WARTAKEPRI.co.id, PANGKALPINANG – PT Timah terus berkomitmen untuk mendukung pertumbuhan ekonomi lokal.
Salah satunya dengan mendorong pengembangan sektor Usaha Mikro, Kecil dan Menengah (UMKM) melalui penyelenggaraan berbagai program pelatihan.
Departement Head Corporate Communication PT Timah, Anggi Siahaan menjelaskan, program pelatihan yang diselenggarakan oleh PT Timah bagi para pelaku UMKM merupakan bagian dari tanggung jawab sosial perusahaan.
“Guna menciptakan UMKM yang lebih tangguh, inovatif dan mampu bersaing di pasar yang lebih luas,” ujar Anggi, Rabu, 14 Mei 2025.
PT Timah kata Anggi telah menggelar pelatihan digital marketing bagi para puluhan pelaku UMKM untuk meningkatkan wawasan dalam memasarkan produk di toko online.
“Berbagai pelatihan yang diselenggarakan oleh PT Timah meliputi berbagai topik, seperti Pelatihan Strategi dan Peningkatan UMKM melalu Mindset Enterpreneur dan Branding Produk dalam Persaingan Pasar Digitalisasi hingga penyusunan laporan Keuangan UKM Berbasis Digital,” beber Anggi.
Program pelatihan tersebut masih kata Anggi disejalankan dengan upaya pemerintah dalam mendorong transformasi UMKM, agar lebih adaptif terhadap perkembangan zaman, terutama di era digitalisasi saat ini.
“Dengan dukungan yang tepat, diharapkan UMKM dapat tumbuh menjadi pelaku usaha yang profesional dan siap bersaing di pasar nasional maupun global,” paparnya.
Karena menurutnya, UMKM memiliki peran strategis dalam perekonomian, terutama dalam menyerap tenaga kerja dan menggerakkan perekonomian daerah.
“PT Timah berupaya menghadirkan pelatihan yang aplikatif dan sesuai dengan kebutuhan pelaku UMKM, agar mereka dapat naik kelas. Karena UMKM berperan penting dalam menggerakkan ekonomi daerah,” ucap Anggi.
Melalui pelatihan-pelatihan ini, pihaknya berharap agar para pelaku UMKM tidak hanya mendapatkan pengetahuan baru saja, tetapi juga jejaring dan pendampingan usaha yang berkelanjutan.
“Tidak hanya mendapatkan pengalaman dan pengetahuan saja, akan tetapi juga jaringan usaha serta pendampingan yang berkesinambungan,” imbuhnya.

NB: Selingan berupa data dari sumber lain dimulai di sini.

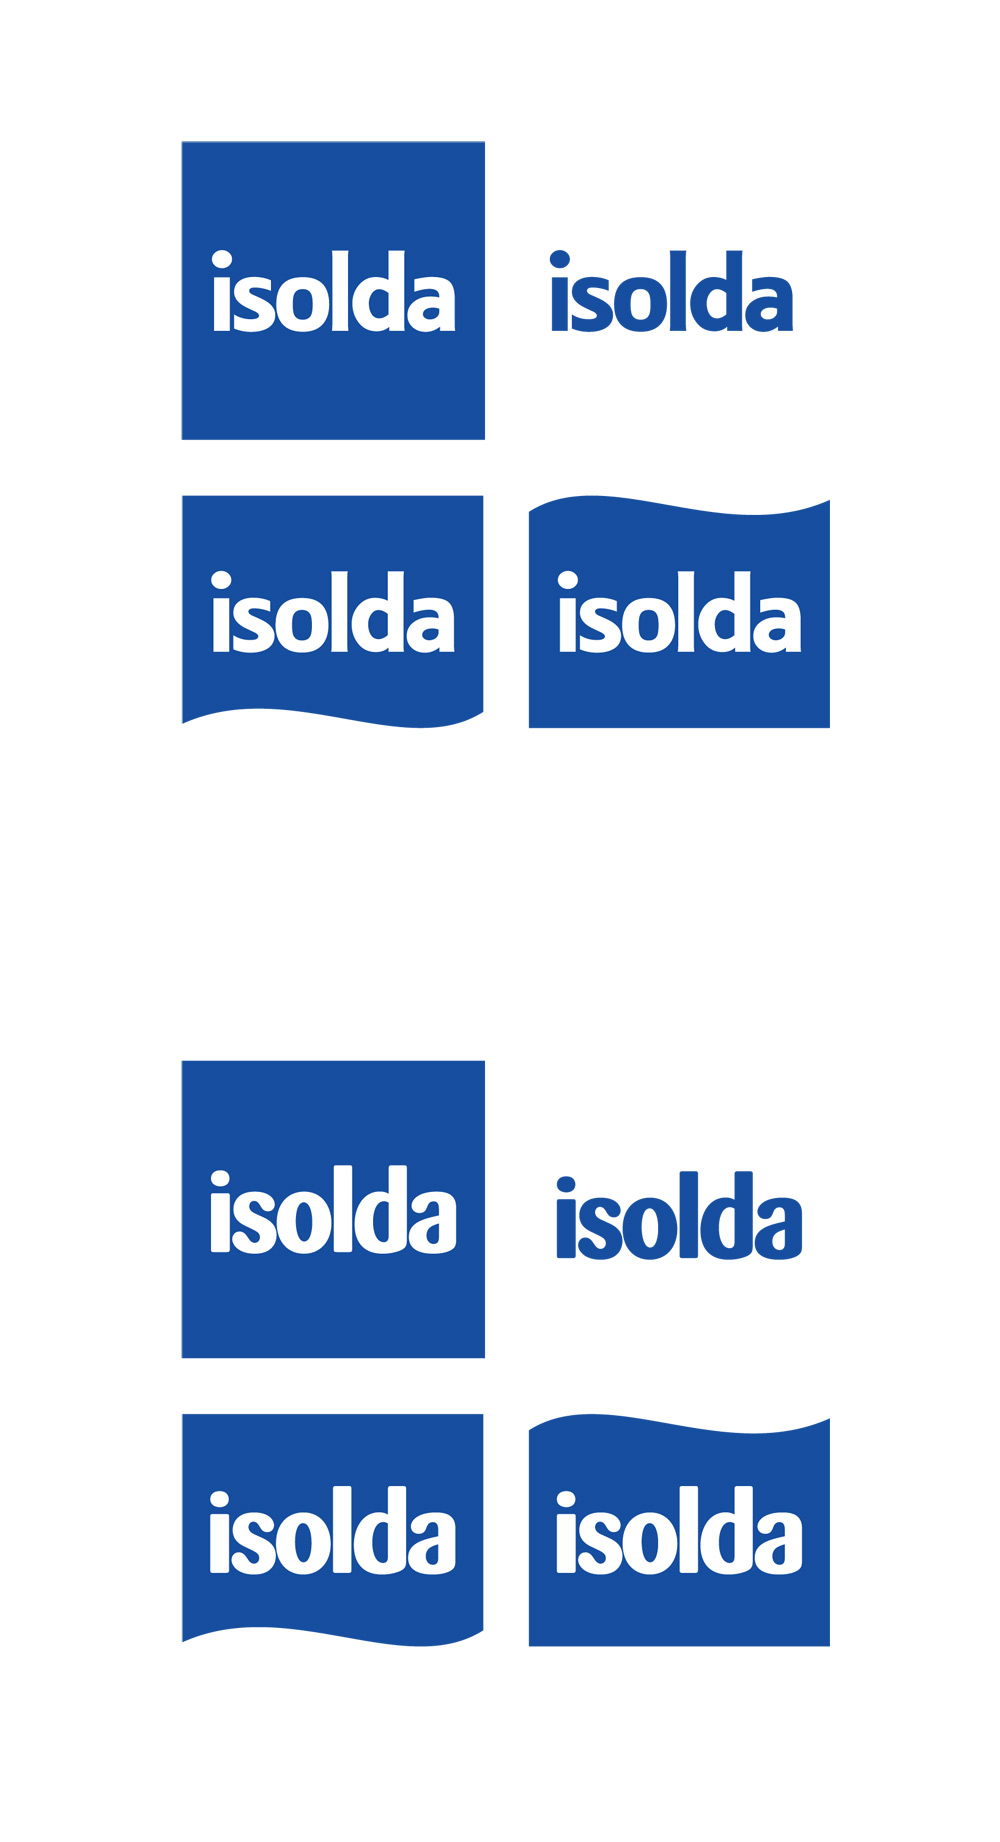 isolda_11
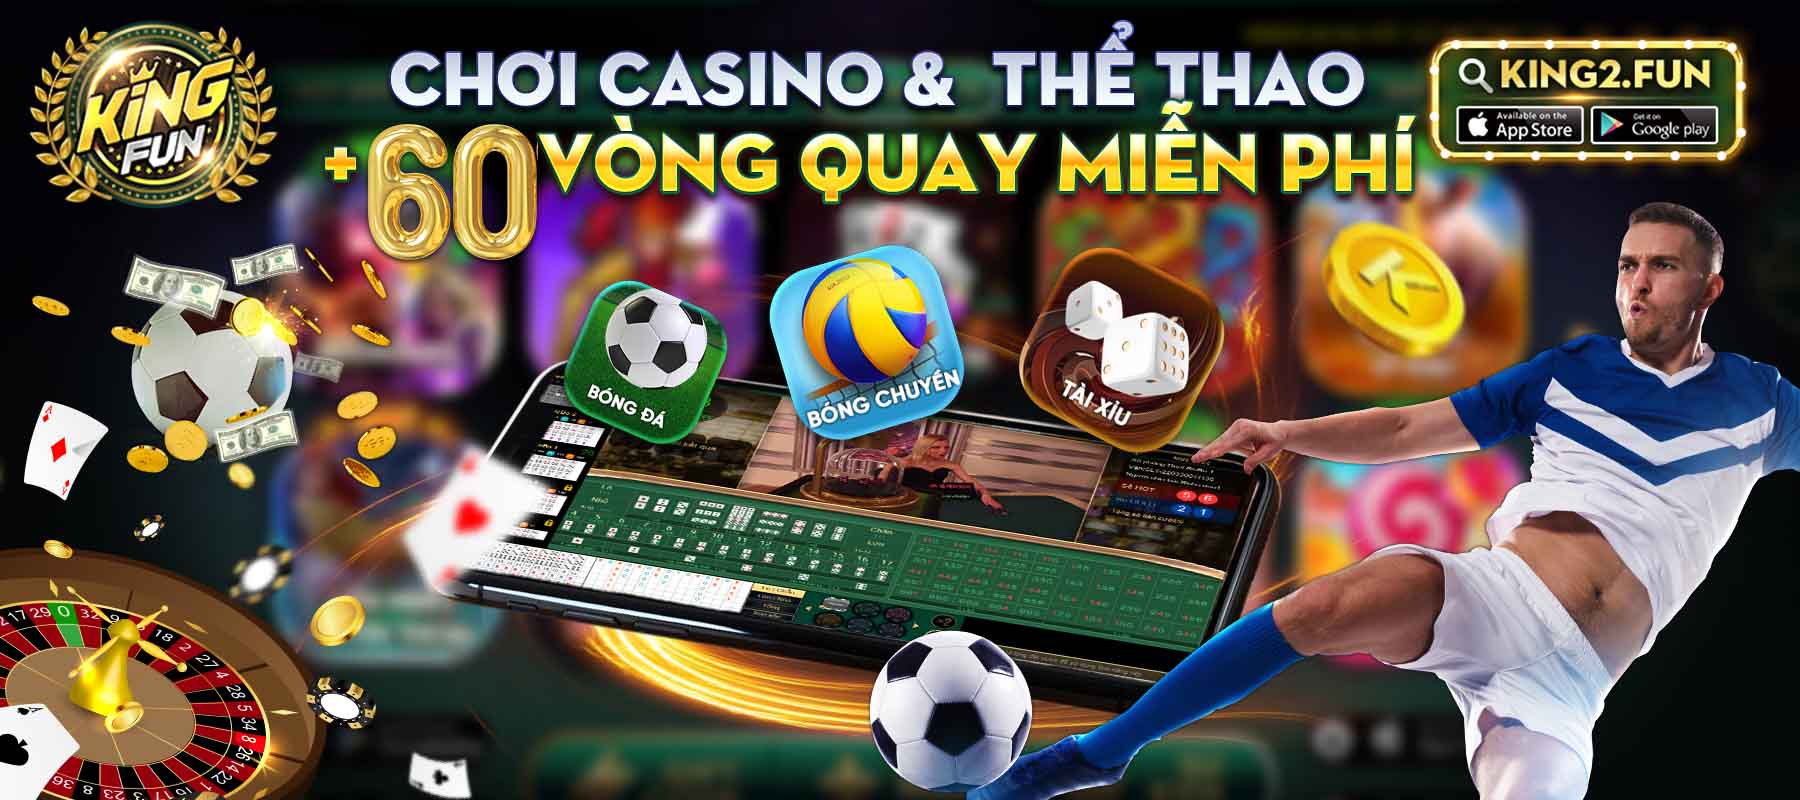 Cổng game Kingfun cập nhật sự kiện bóng đá mỗi ngày

Sementara itu, salah seorang peserta pelatihan digital marketing PT Timah, Yuliana mengapresiasi dengan adanya pelatihan ini. Ia beserta rekannya bisa lebih mengoptimalkan pemasaran produk di market place.
“Alhamdulillah banyak sekali ilmu yang didapat, ini bukan pertama kali saya ikut pelatihan, tapi sudah beberapa kali ikut pelatihan dari PT Timah,” ucap Yuliana.
Pelatihan tersebut kata Yuliana tentunya sangat bermanfaat. Sehingga mampu menjual produk di aplikasi Tik Tok.
“Saya baru mengetahui cara melihat pesanan orang. Selama ini saya baru jualan di Facebook saja,” kata owner Stik Ikan Pak Umar ini.
Menurutnya, dengan adanya pelatihan market secara digital ini, dirinya semakin percaya diri untuk menjajakan produk secara langsung (live) di media sosial.
“Sekarang lebih paham dan percaya diri untuk live, sudah tahu cara dan apa yang ingin disampaikan. Tentu sangat penting bagi kami, karena sekarang kalau hanya mengandalkan jualan offline, omsetnya jauh lebih sedikit. Jadi memang harus pandai memasarkan secara online,” katanya.
Kedepan, Ia berharap PT Timah dapat terus membina para pelaku UMKM dan mitra bisnis, dengan menggelar berbagai pelatihan.
“Sehingga dapat meningkatkan kapabilitas dan produktivitas kami sebagai pelaku UMKM untuk mendukung pengembangan usaha sekaligus meningkatkan perekonomian,” tandasnya.(Aman).